Home > Other > A Date With Fate > Page 22
A Date With Fate Page 22

by Tracy Ellen


  Now fancied up for the holidays, up and down Division the streets lamps were swirled with evergreens, red satin ribbons and bows, and aglow with white lights in the shapes of large snowflakes. Many buildings were similarly adorned; it reminded me of a village on an old-fashioned Christmas card dusted with glitter.
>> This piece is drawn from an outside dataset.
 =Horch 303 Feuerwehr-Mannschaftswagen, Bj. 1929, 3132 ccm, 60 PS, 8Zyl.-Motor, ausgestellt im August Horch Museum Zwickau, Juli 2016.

  I love this time of year. Bel’s staff had a party and we’d decorated the outside of my red brick building last week with spruce treetops and red holly berries in the display window boxes, lacey garlands of evergreens around the entrance doors, and an enormous wreath hanging outside on the turret that capped the corner of my building. All of these were intertwined with hundreds of tiny lights. When snow dusted the greenery, the teal blue lights twinkling at night through the sparkling white stuff is magical.

  Interrupting my sightseeing, a Chrysler Town and Country minivan honked softly and pulled up to the curb. I recognized our friend, Tre J driving with Jazy riding shotgun. The side door slid open, an old Led Zeppelin tune poured out, and I climbed into the beckoning warmth agreeing silently it had been way too long a time since this woman had rock ‘n rolled.
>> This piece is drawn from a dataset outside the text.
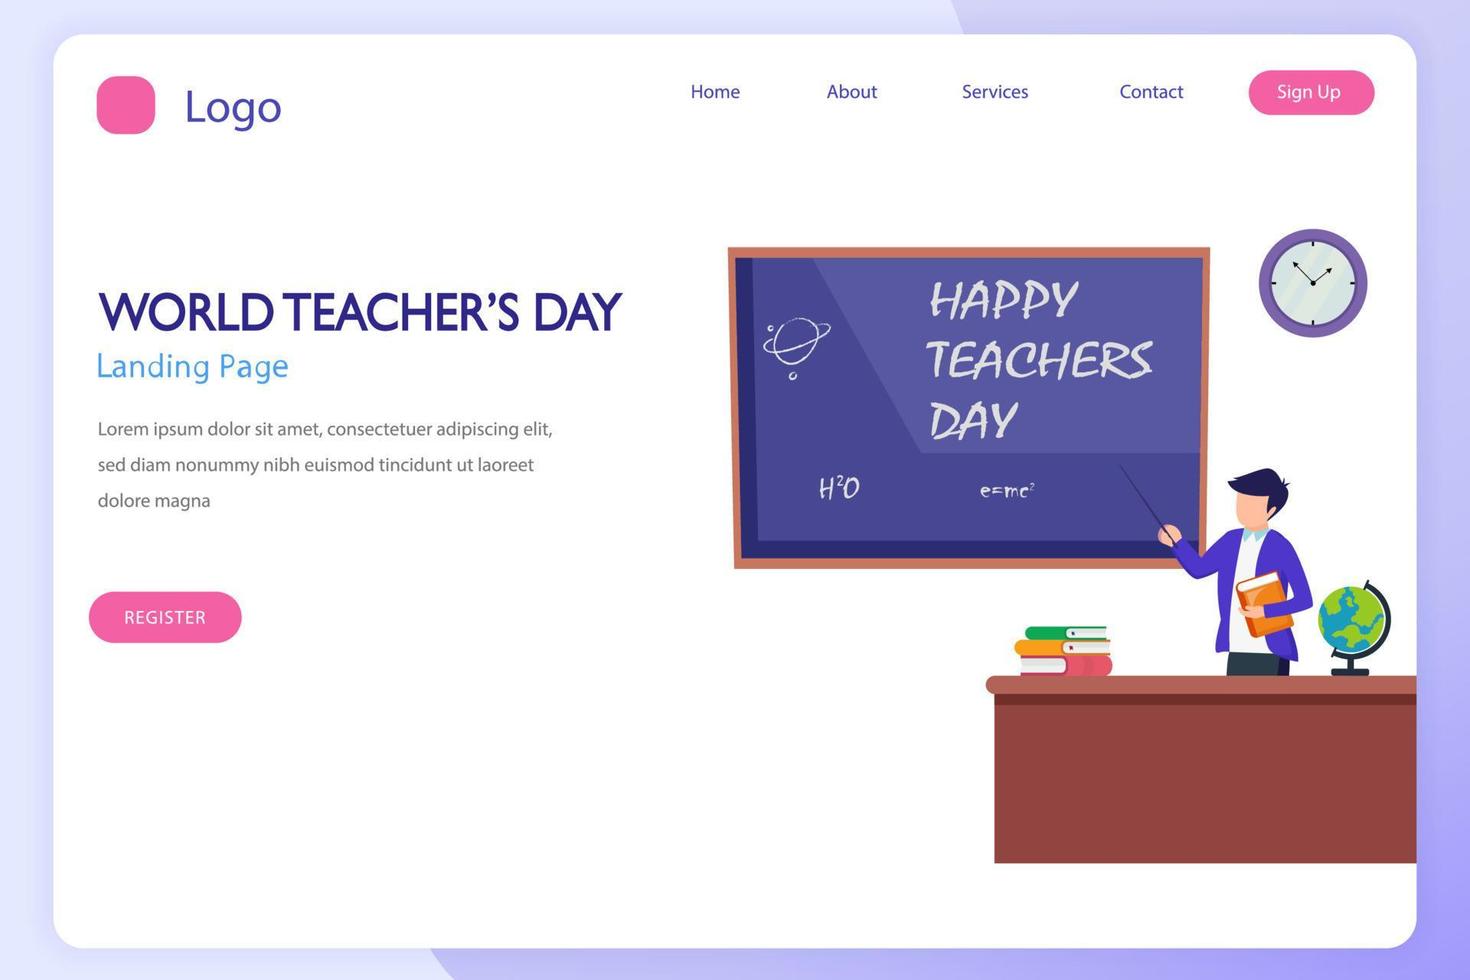 insieme dell'icona della giornata mondiale degli insegnanti. stile modello vettoriale piatto adatto per la pagina di destinazione web.

  I had earlier whipped off a mass text to my siblings and friends that all was fine, details to follow. NanaBel was out of touch in the desert for the next couple of days, so I’d email her in a day or two. I returned Reggie’s calls and left a quick, comprehensive voice mail message with details on Cheryl Crookston and Larissa’s ex since I wasn’t seeing him tonight like I would be my sisters. I’d spoken briefly with Larissa’s parents; she was doing well, but sleeping. I made plans to visit her on Monday morning. The mean mommy voice should be happy with me and leave me alone for the rest of the night.

  With the dome light still on overhead, my youngest sister turned in her seat to do a swift eye-balling of my person. I felt like a horse at a sale barn being appraised by an expert for soundness.

  Jazy, satisfied I was not physically altered in any way, still wore a quizzical expression. This was for the mental check up portion of the exam. If I was one of her horses, she’d probably make a clicking sound to observe how I responded.

  I grinned crookedly in reassurance, at the same time I lifted one shoulder in a “What’s a girl to do?” unrepentant shrug.

  Jazy returned a wickedly devilish smile--complete with two dimples and an emphatic power fist for a job well-done.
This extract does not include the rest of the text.